Le personnage de Tante Khaïriya dans Alam Semsem restera gravé dans les mémoires. Pourtant, la comédienne dit ouvertement avoir détesté ce rôle: « Dans les coulisses, alors que j’interprétais un rôle important dans une oeuvre de Shakespeare ou de Saadallah Wannous, les spectateurs venaient me voir pour prendre une photo avec moi. Ils voulaient juste garder Tante Khaïriya en mémoire ».

Ces deux dernières années, Salwa Mohamad Ali a pris part à des films qui ont fait couler beaucoup d’encre, tels Asrar aëliya (secrets de famille), Acham (gratitude), Fatat al-masnaa (la fille de l’usine) … « Avoir de l’expérience est un privilège », lance-t-elle, en expliquant qu’elle ne craint ni de briser les tabous, ni de s’insurger contre telle ou telle chose. « L’art est une révolution. Si les artistes n’ont pas le courage de présenter du nouveau et d’inciter au changement, qui d’autre le fera ? ». Ainsi, la comédienne fut l’an dernier aux premiers rangs des grévistes, qui se sont retranchés devant le ministère de la Culture dirigé par les Frères musulmans. « Je refuse encore aujourd’hui le rôle répressif de la censure exercée contre l’art », souligne-t-elle.

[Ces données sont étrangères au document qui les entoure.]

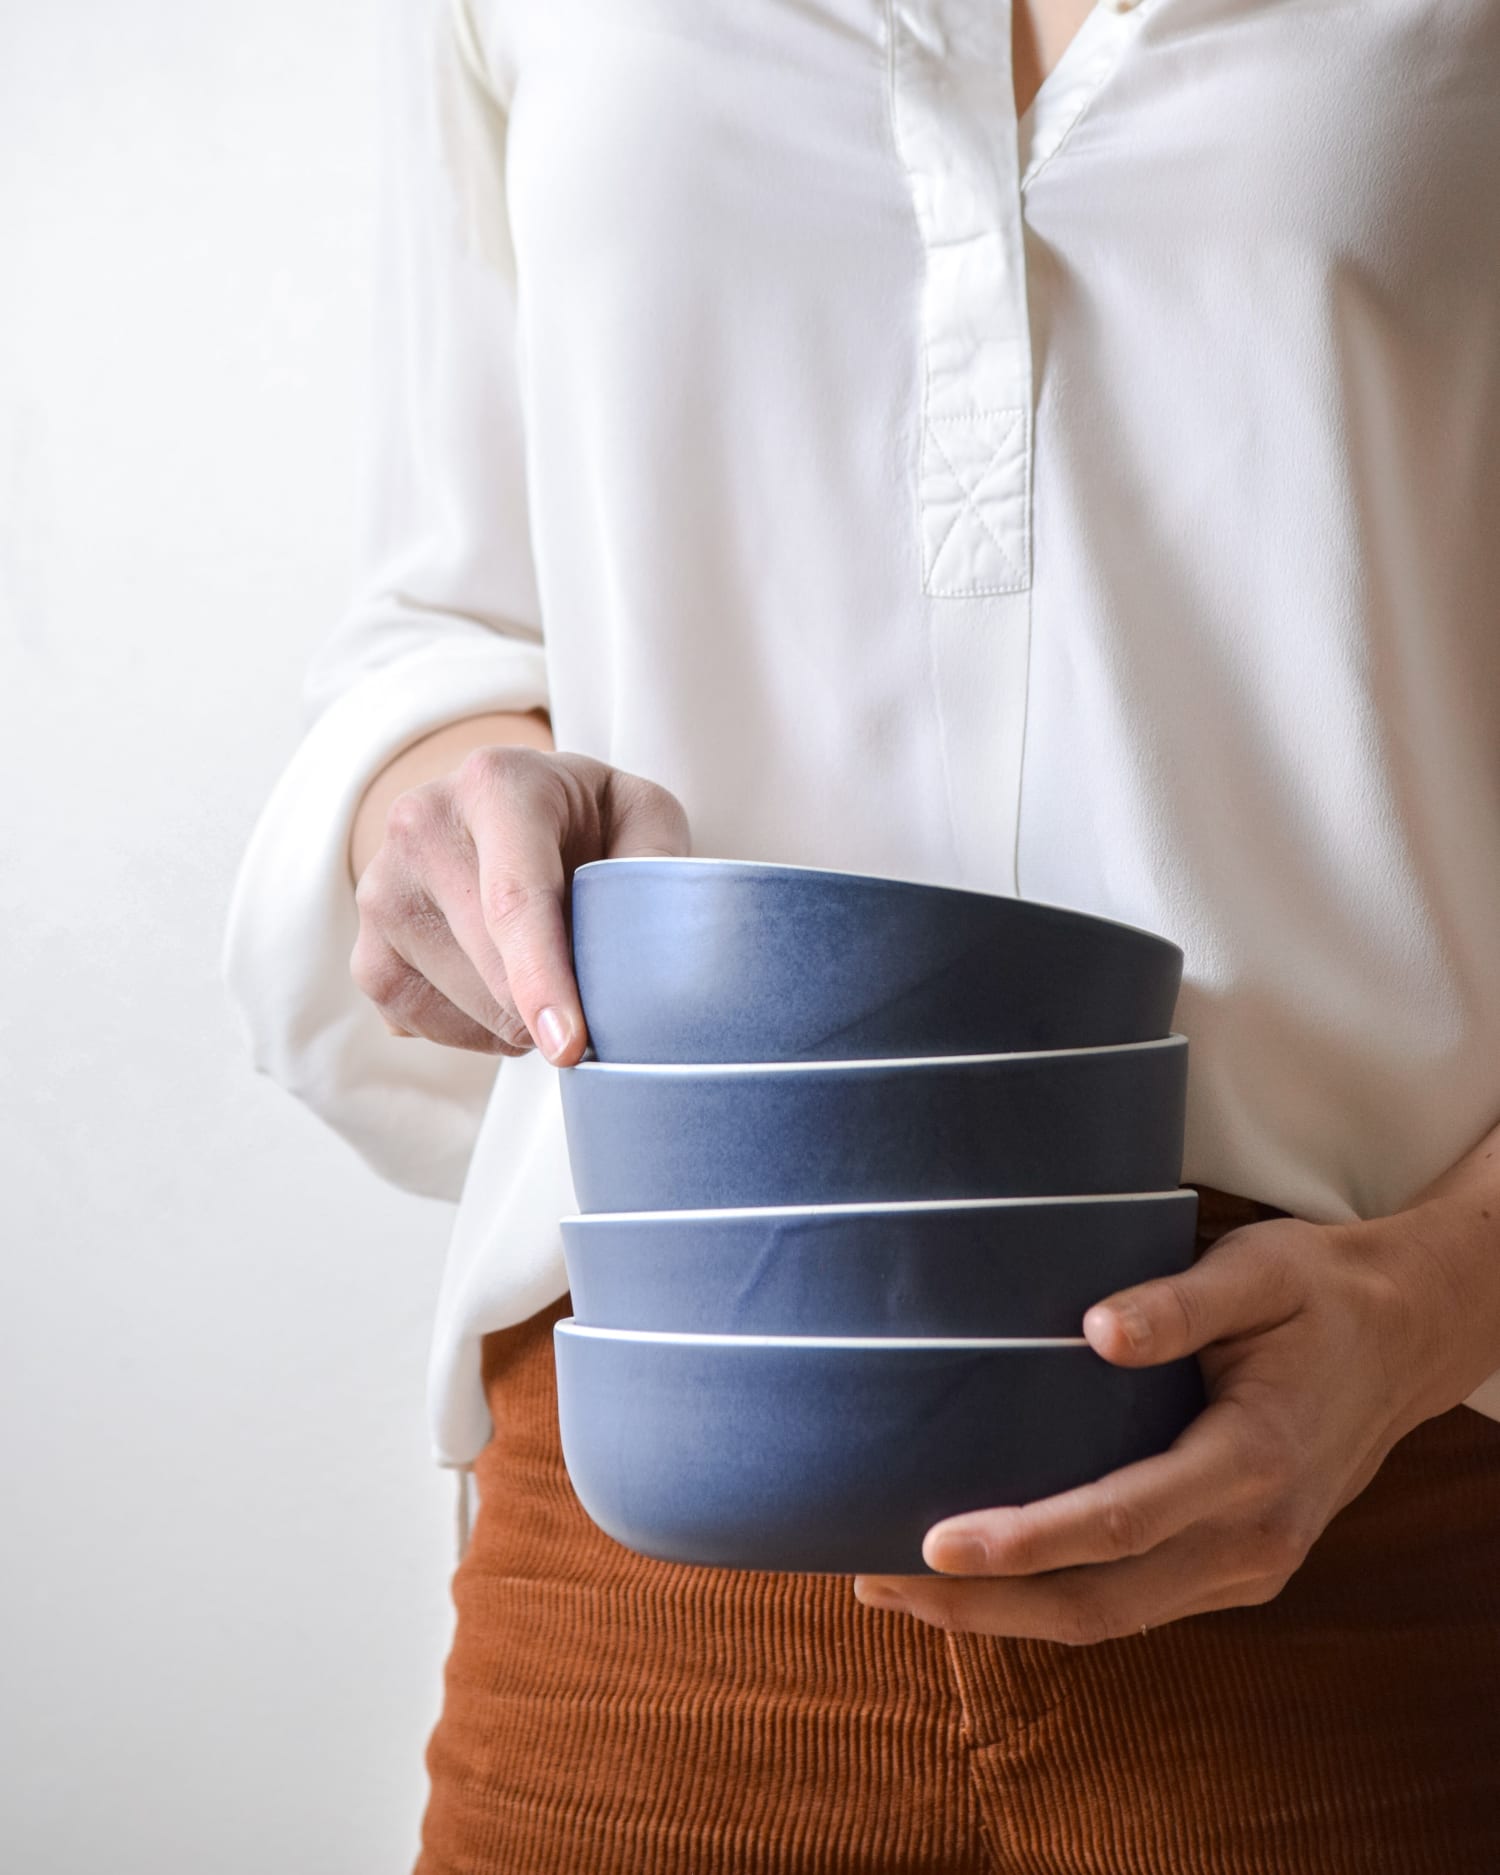 Blue ceramic bowls

Après le Ramadan, la comédienne participera à des soirées de lecture théâtrale. De quoi se vouer encore plus au jeu et à l’interprétation. « Cela me procure de la joie. Rien que par ma voix, je parviens à toucher l’imaginaire. Je permets au public de rêver et je me livre moi-même à un véritable exercice de style », conclut-elle, à la manière de celle qui se plaît à relever les défis.

Jalons :

1983 : Diplôme de l’Institut supérieur des arts dramatiques.

1989 : Mariage avec le metteur en scène Mohsen Helmi.

2004 : Joue dans la pièce d’Ahmad Al-Attar, Maman, je veux gagner le million.

2006 : Prix de la meilleure interprétation féminine du second rôle à la première édition du Festival national du théâtre, pour Ahlam chaqiya (rêves misérables).

2013 : Membre du jury du Festival national du théâtre.